Problem statement:
Repeat, word for word, all the data that follows, and exclude the pictures.

Information provided:
■ ■ ■ ■ ■
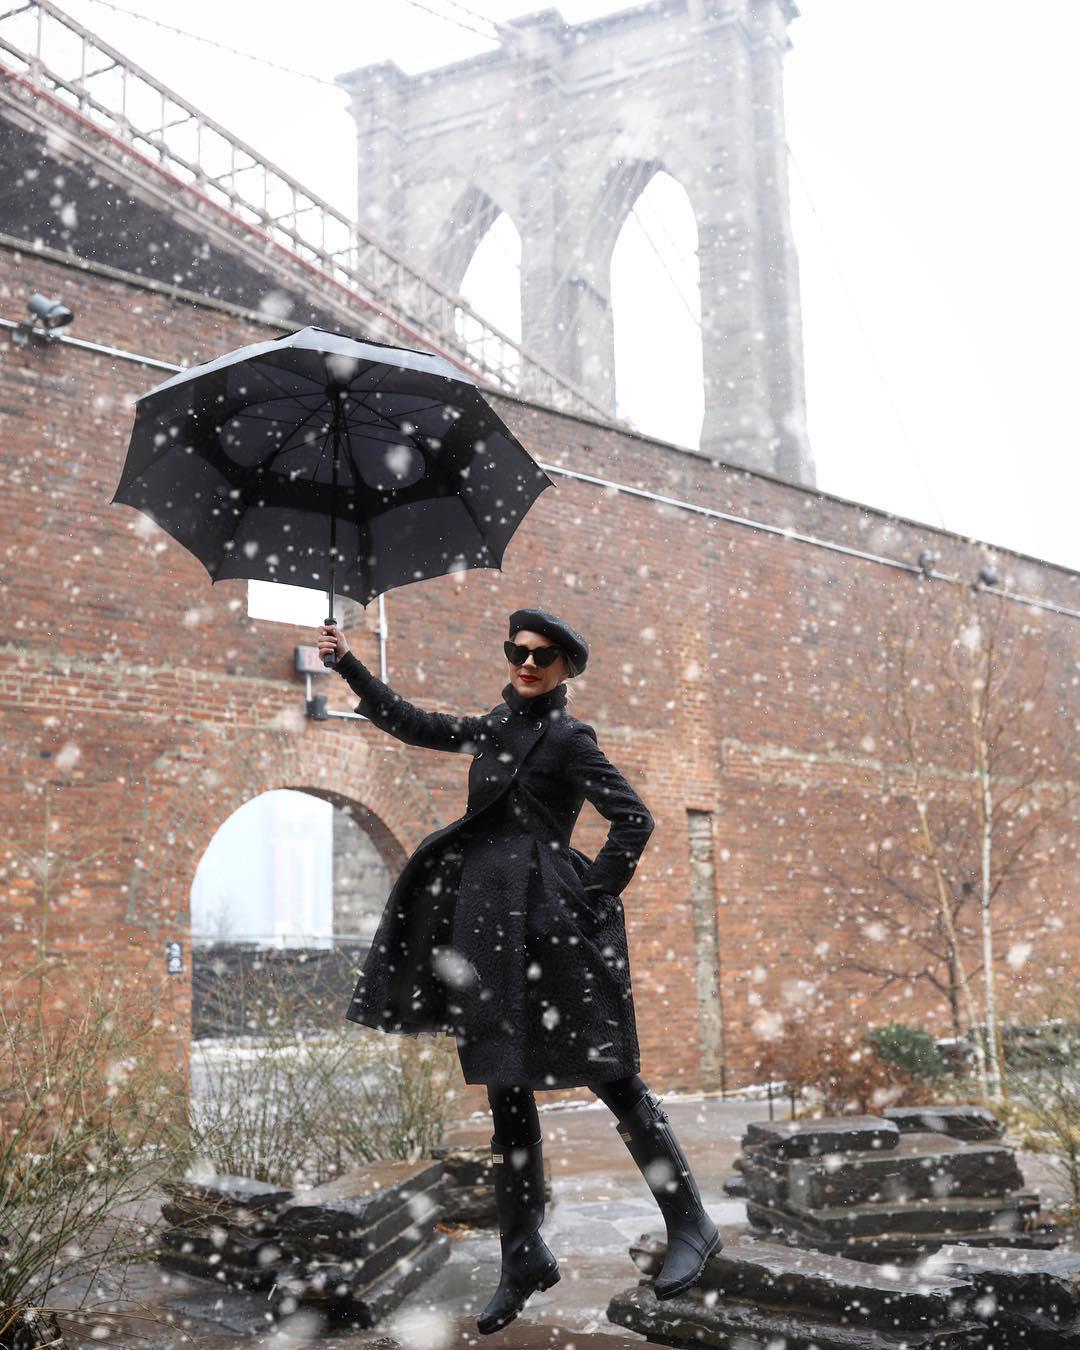 Тренд холодного сезона 2020 - пальто-годе. Новинки, варианты и лучшие образы мода,модный обзор,образ,осень-зима 2020,стиль,тренды
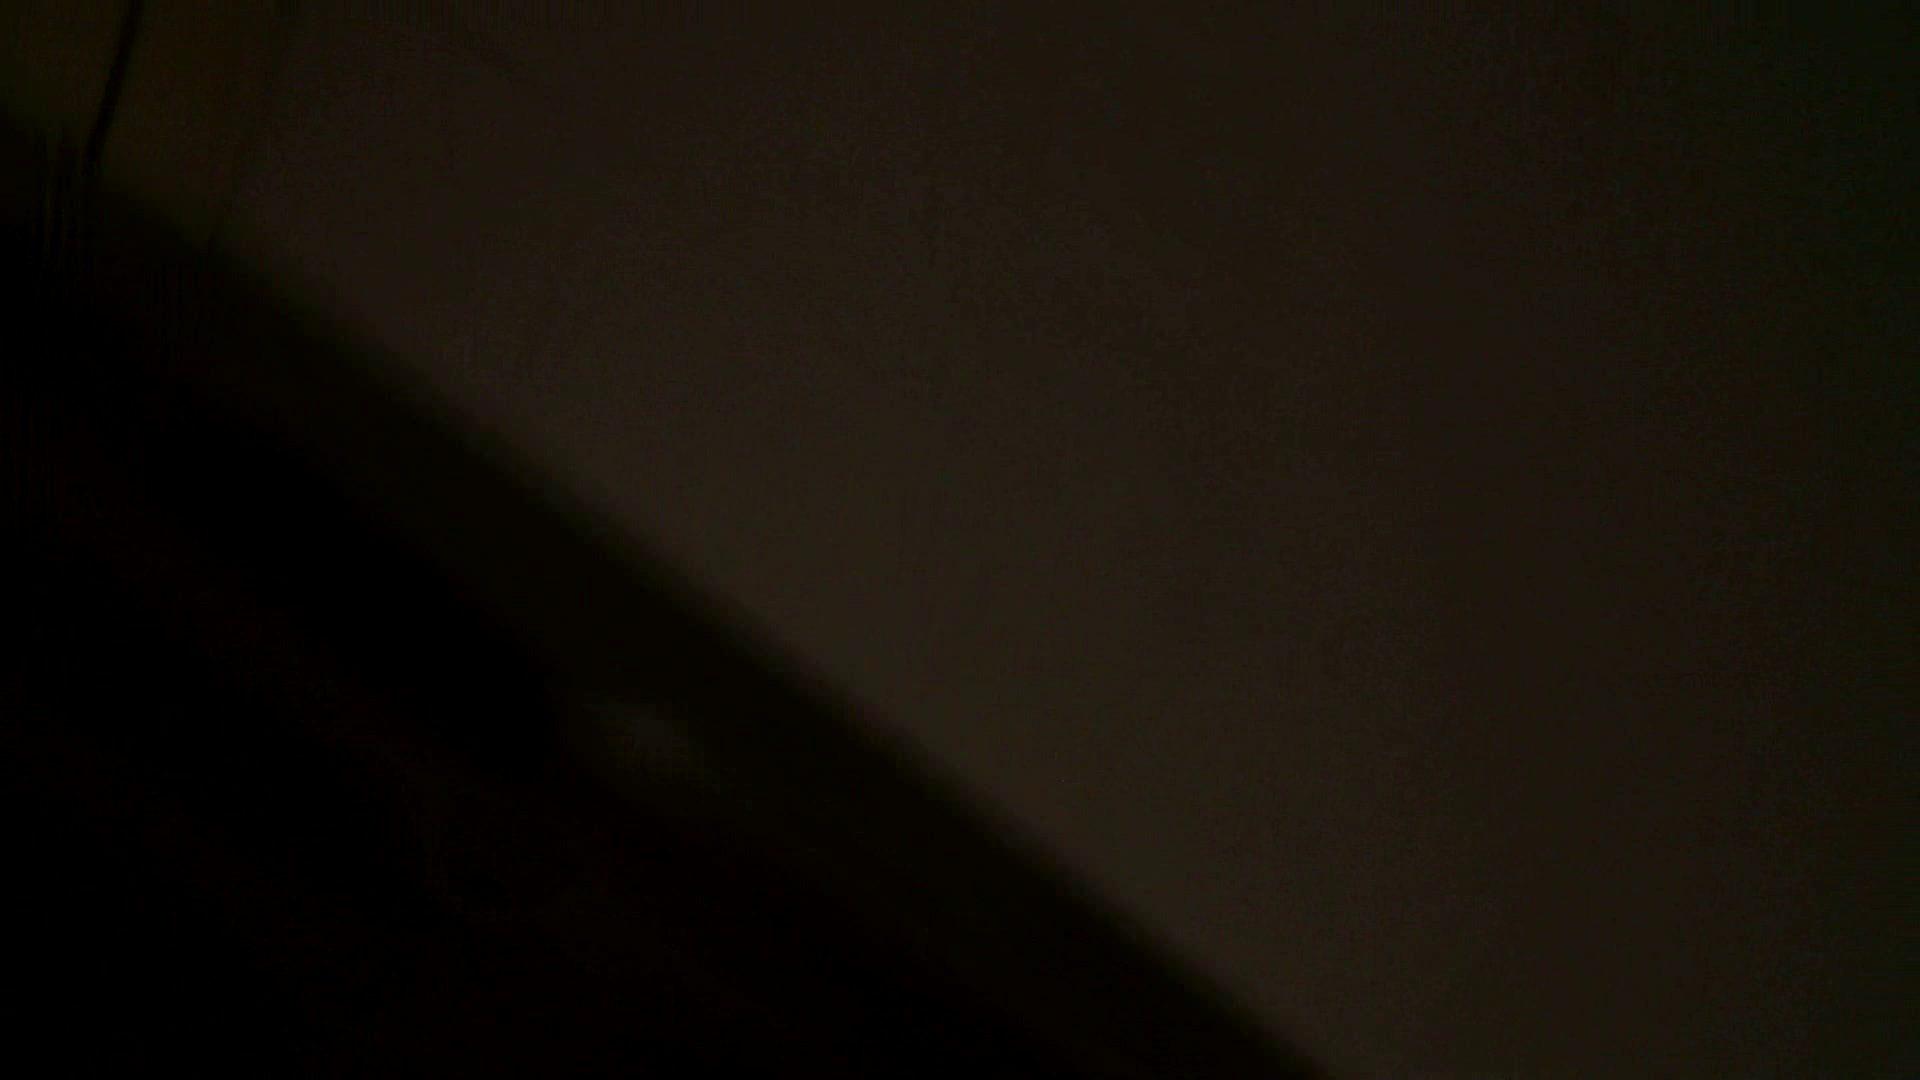 洗寿観音さんの 化粧室は四面楚歌Nol.2 丸見え  73PIX 34
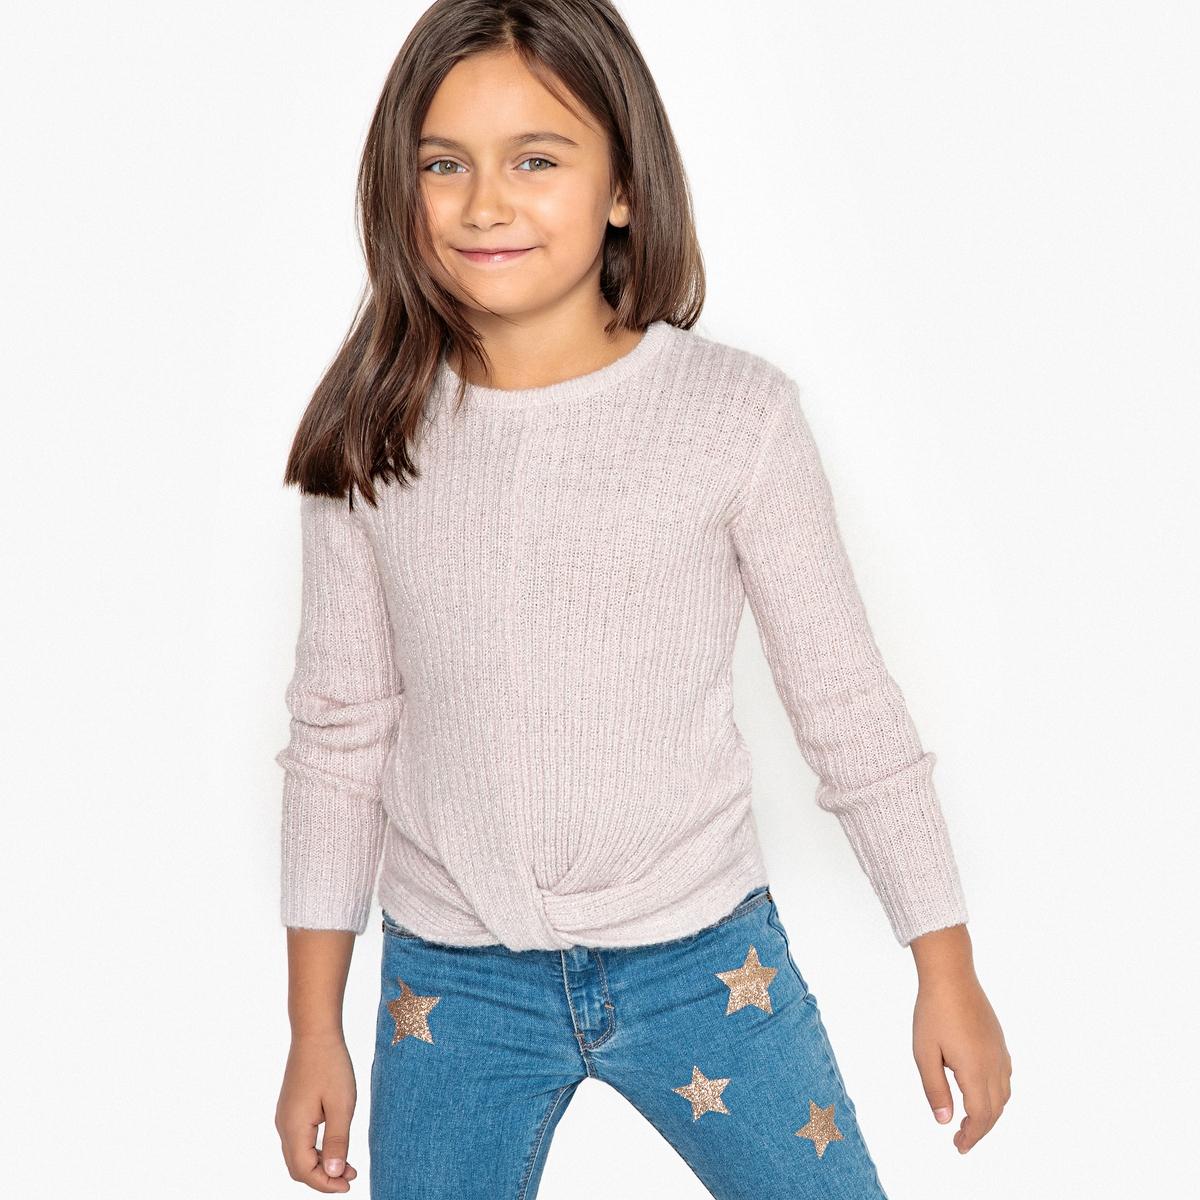 Пуловер La Redoute Из блестящего трикотажа с аппликацией спереди 3 года - 94 см розовый пуловер из блестящего трикотажа 3 12 лет
■ ■ ■ ■ ■
Solution below:
 Тренд холодного сезона 2020 - пальто-годе. Новинки, варианты и лучшие образы мода,модный обзор,образ,осень-зима 2020,стиль,тренды
 洗寿観音さんの 化粧室は四面楚歌Nol.2 丸見え  73PIX 34
 Пуловер La Redoute Из блестящего трикотажа с аппликацией спереди 3 года - 94 см розовый пуловер из блестящего трикотажа 3 12 лет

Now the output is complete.